EXERCISE REQUIREMENTS:
Your response should consist of the entire listing, transcribed exactly, with every image left out.

(RECORDS FOR THE TASK Opens)

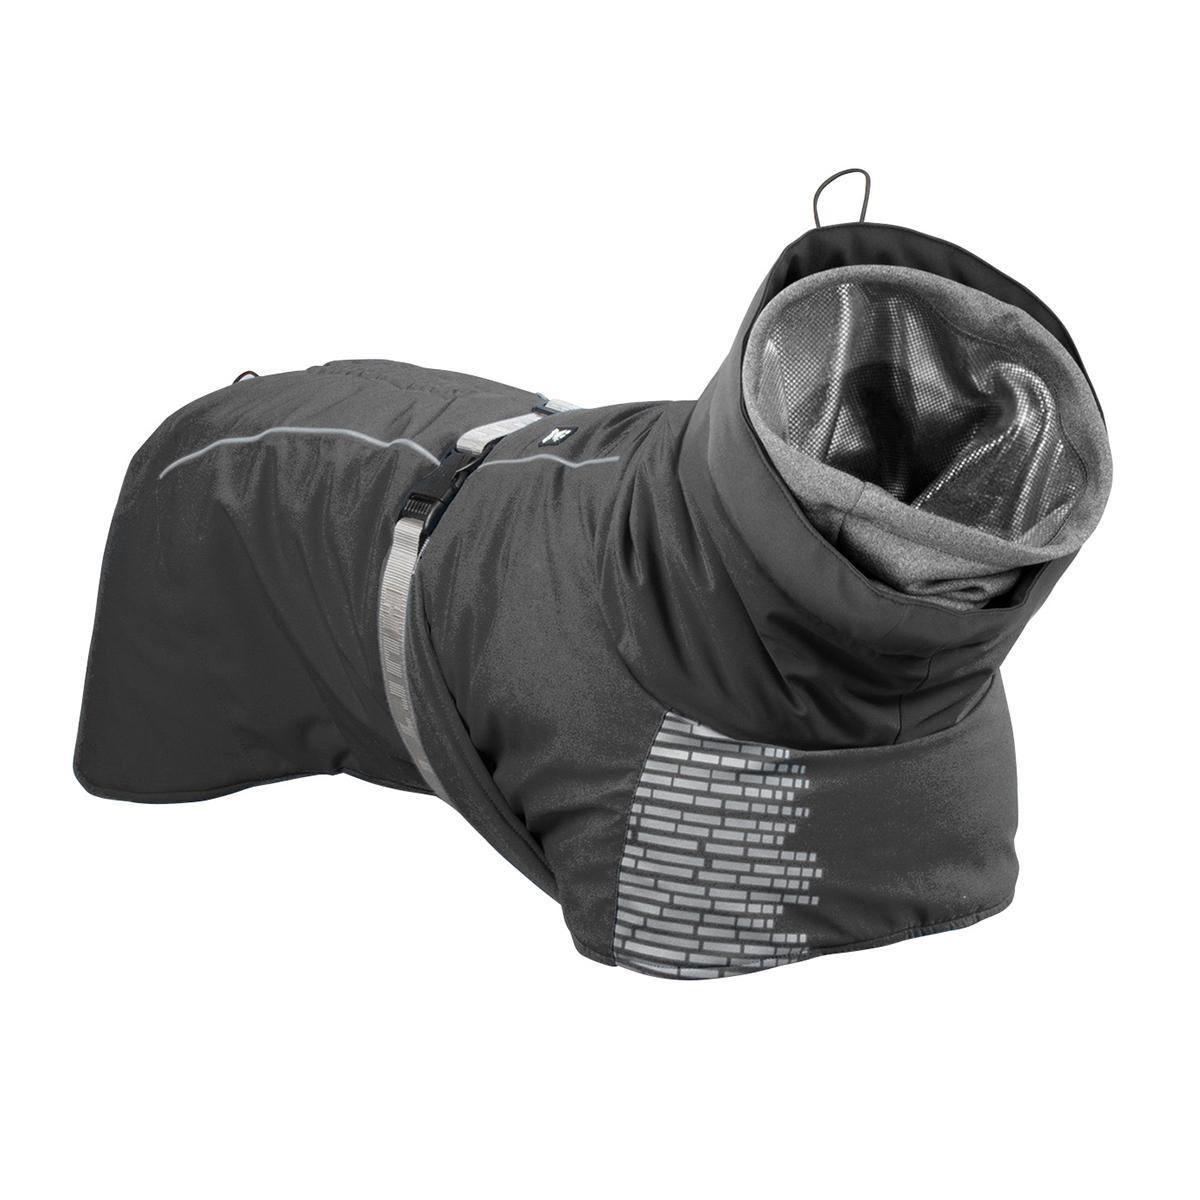 Hurtta Extreme Warmer Dog Coat - Granite Gray
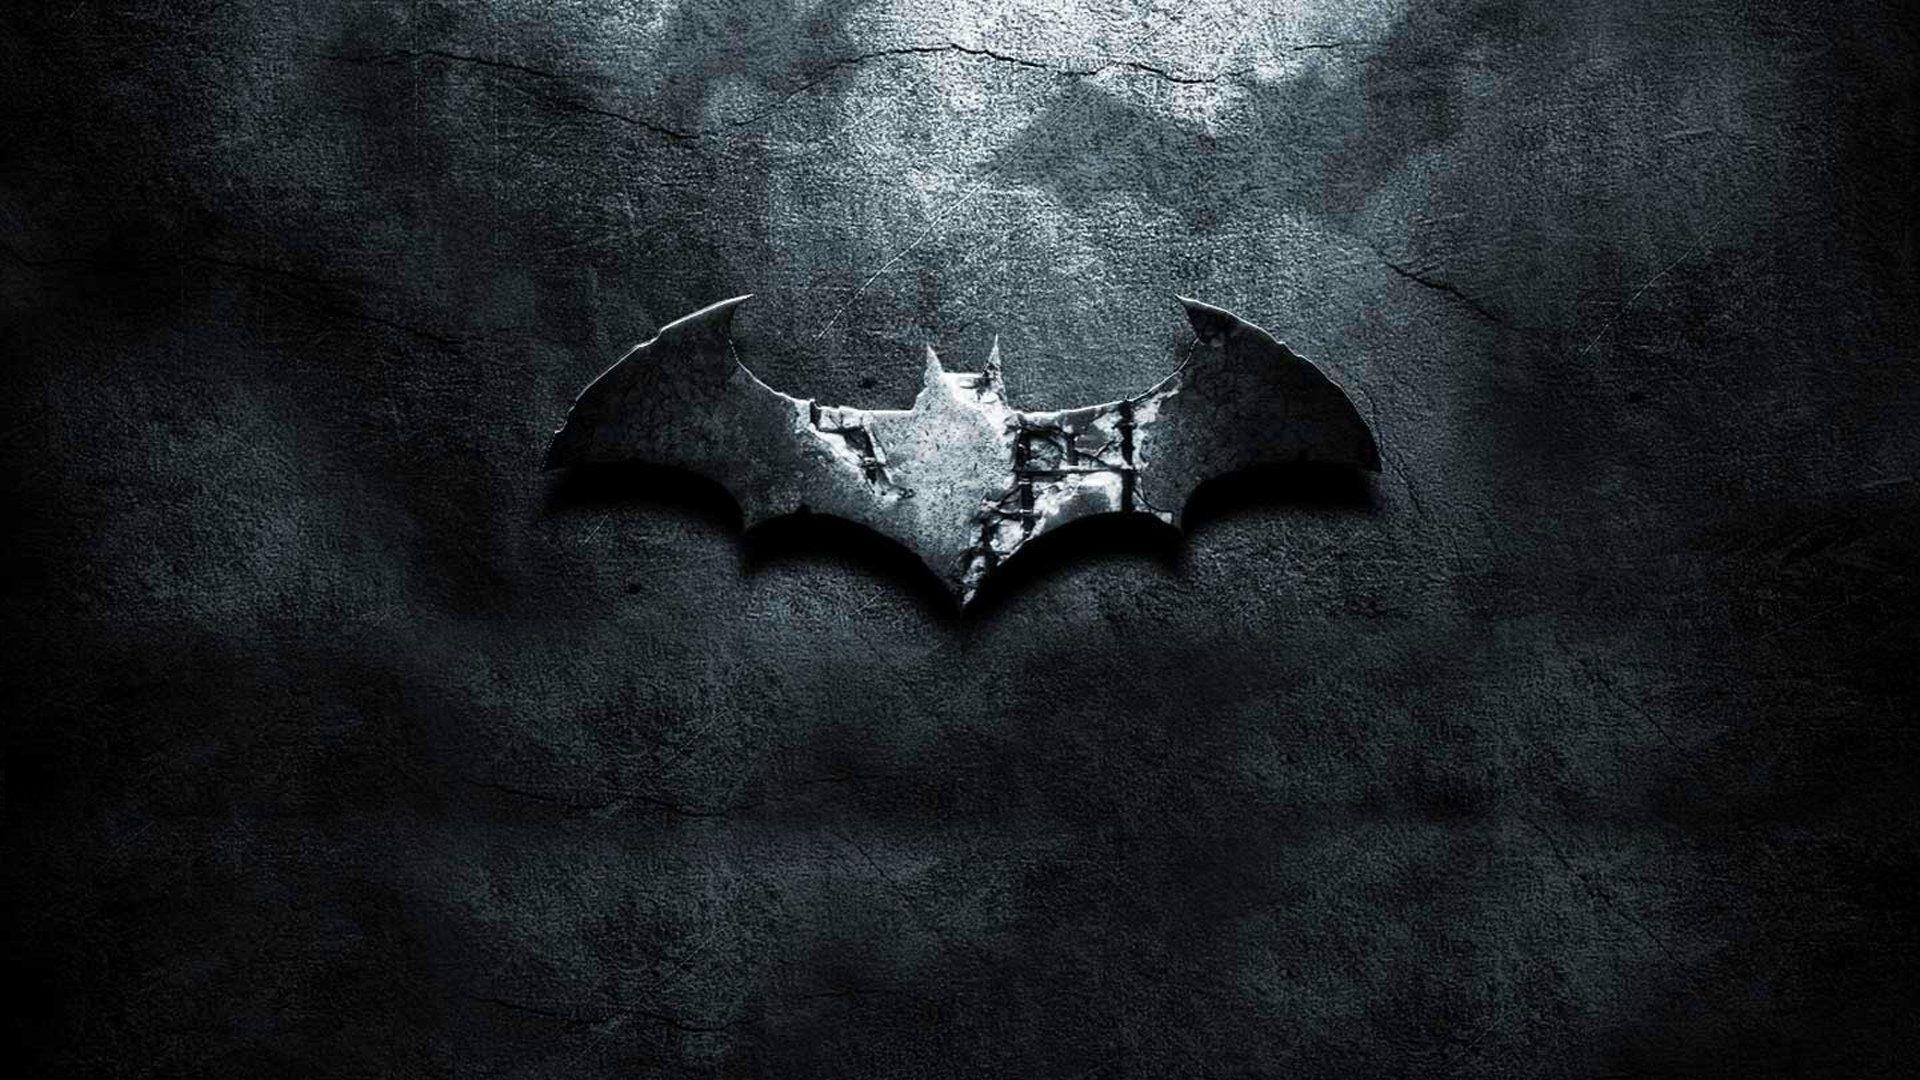 Batman Logo Wallpaper 1 Download Free Amazing High Resolution
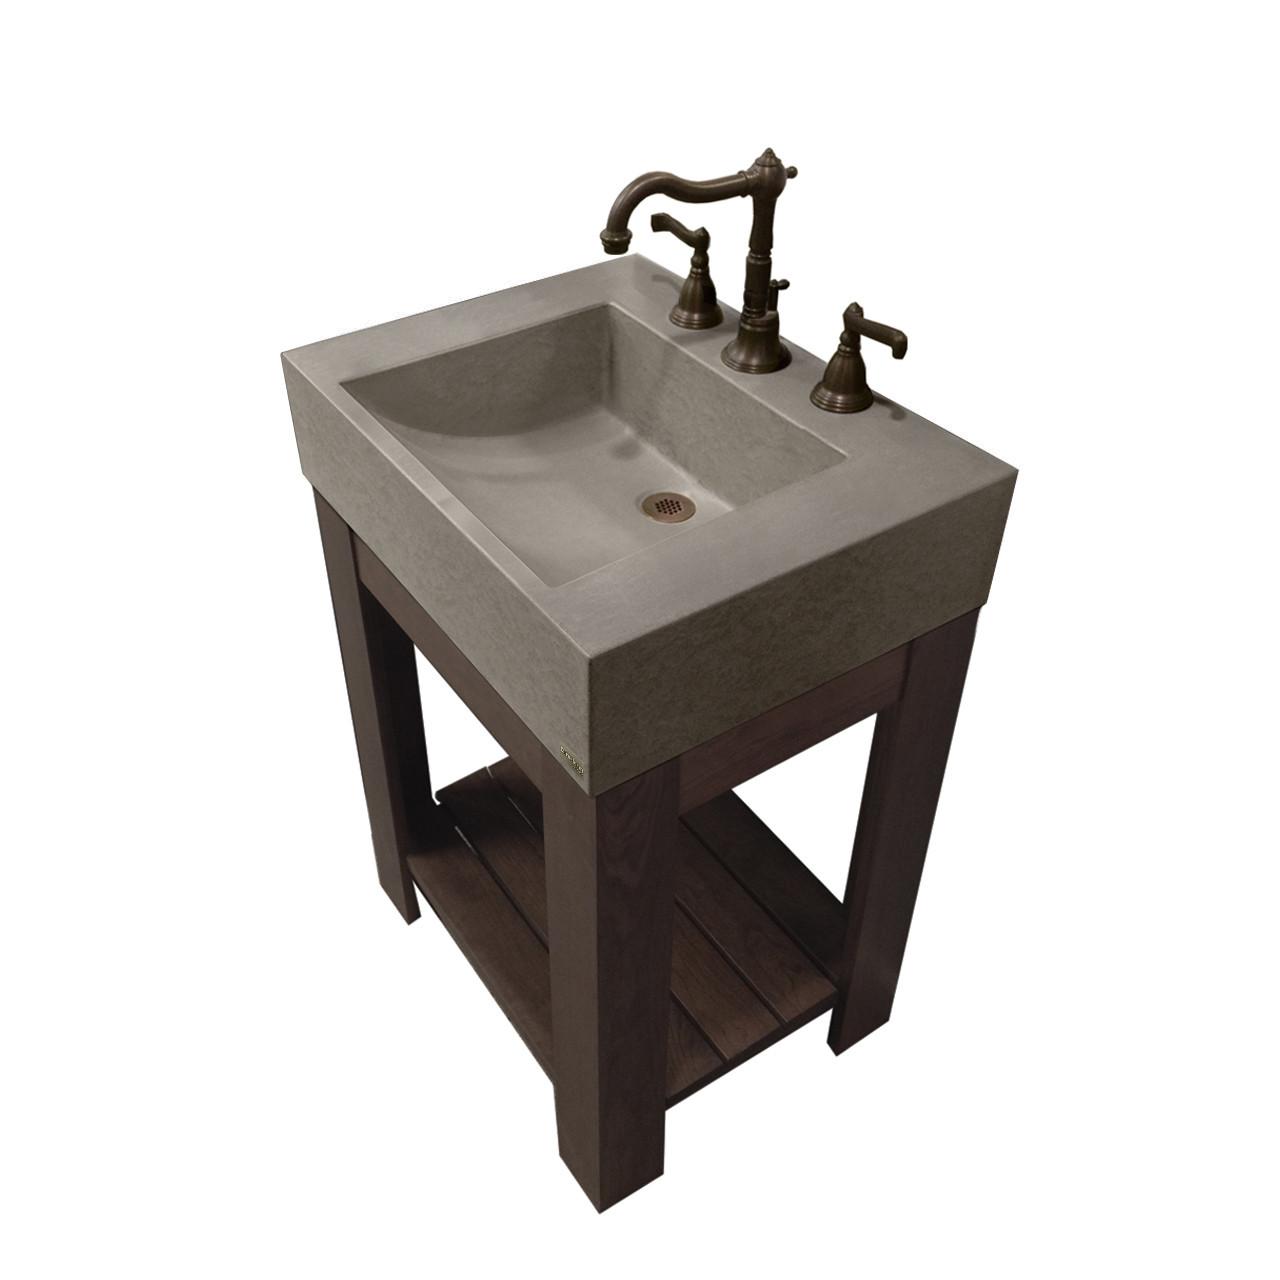 24 Lavare Vanity With Concrete Half Trough Sink
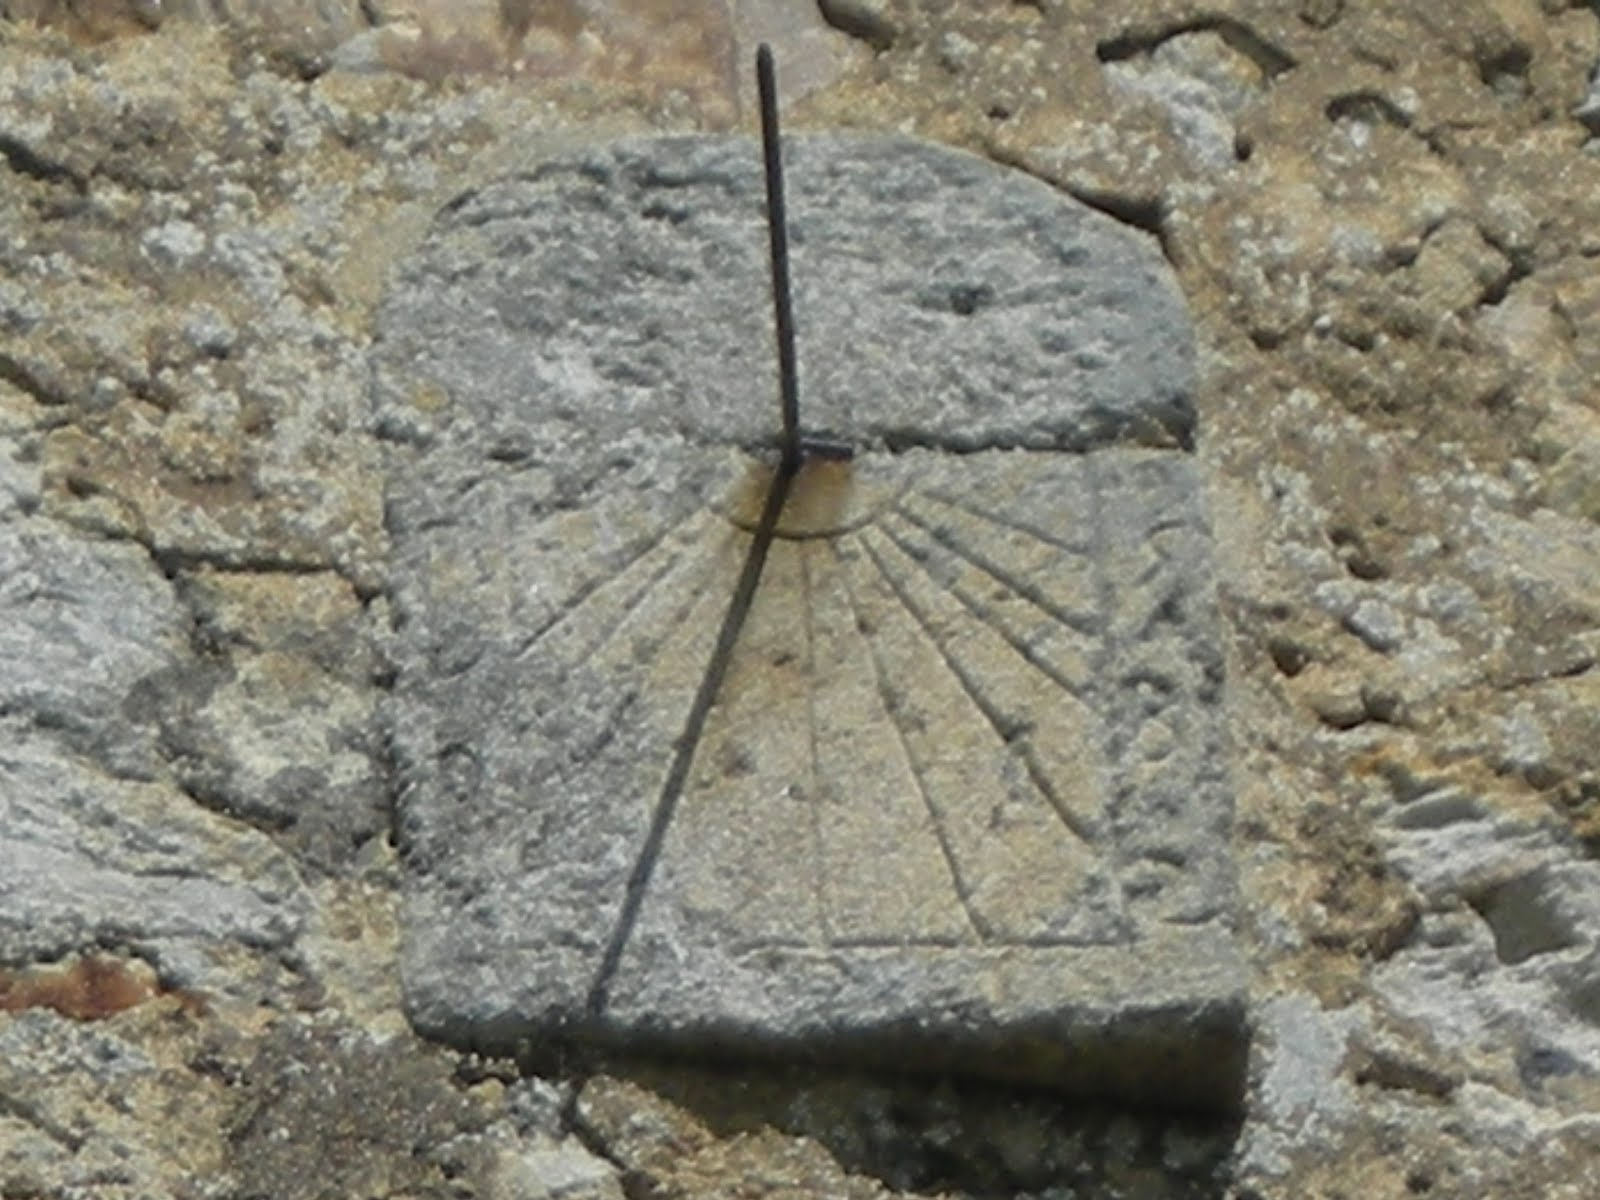 Reloj de Sol.Eugenia Grandet, Honoré de Balzac. Descripciones
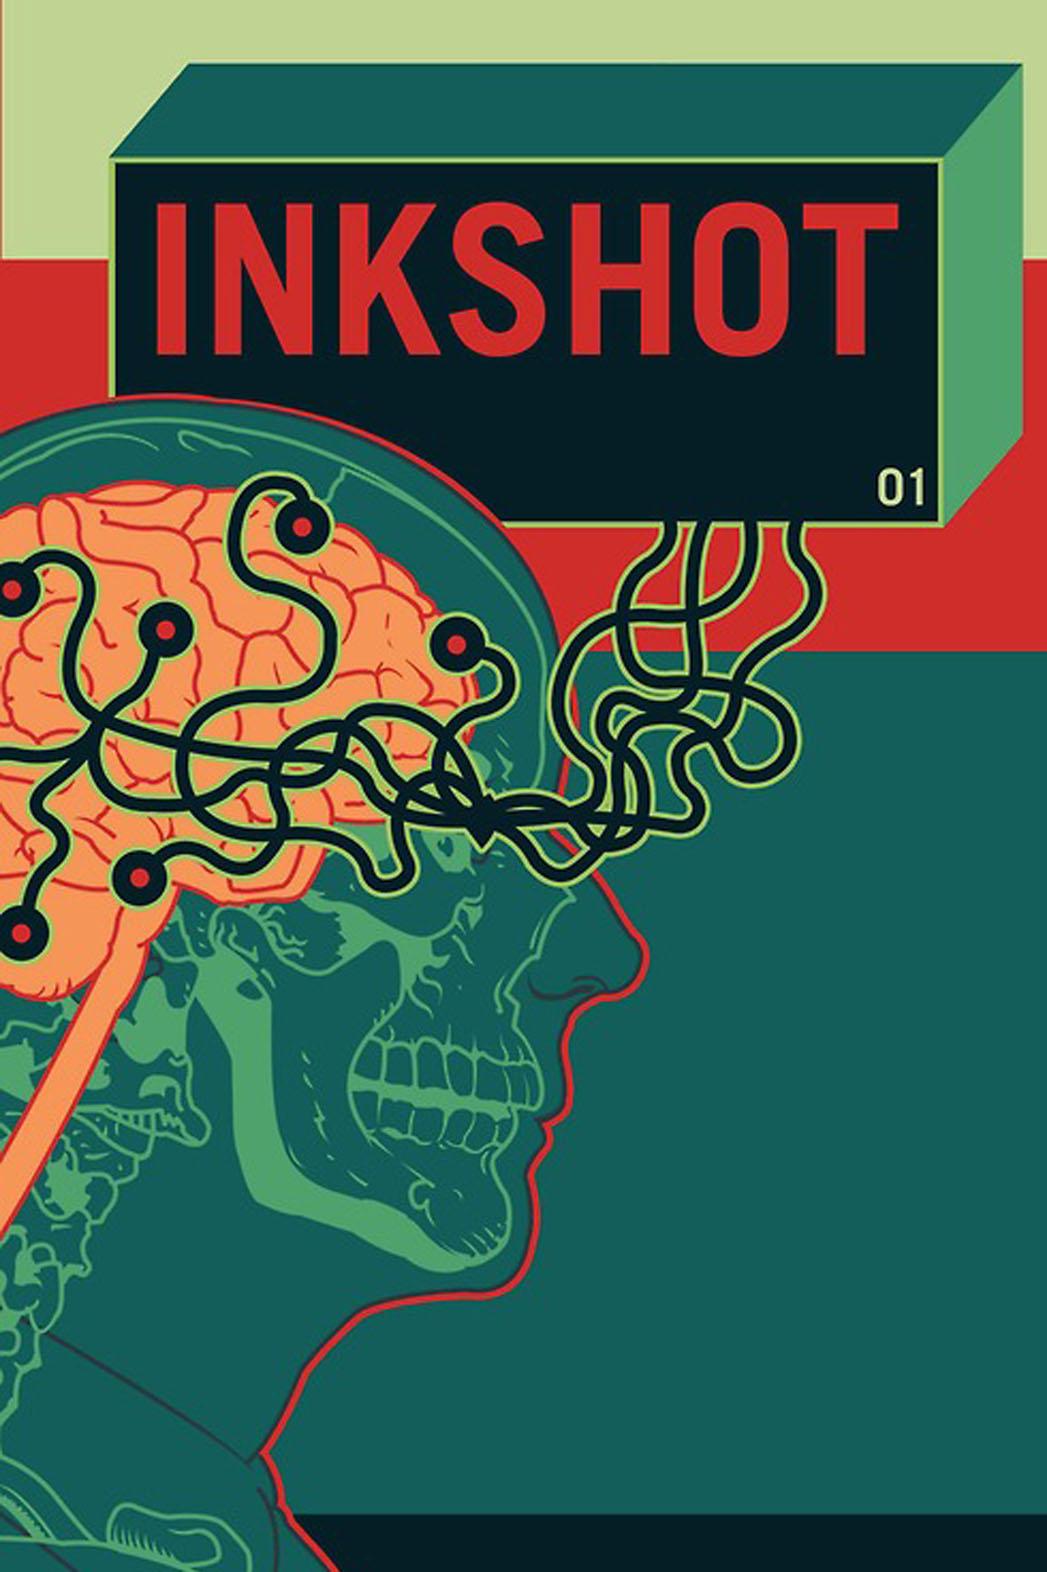 Inkshot 01 Cover Art - P 2013

(RECORDS FOR THE TASK Closes)

YOUR SOLUTION:
 Hurtta Extreme Warmer Dog Coat - Granite Gray
 Batman Logo Wallpaper 1 Download Free Amazing High Resolution
 24 Lavare Vanity With Concrete Half Trough Sink
 Reloj de Sol.Eugenia Grandet, Honoré de Balzac. Descripciones
 Inkshot 01 Cover Art - P 2013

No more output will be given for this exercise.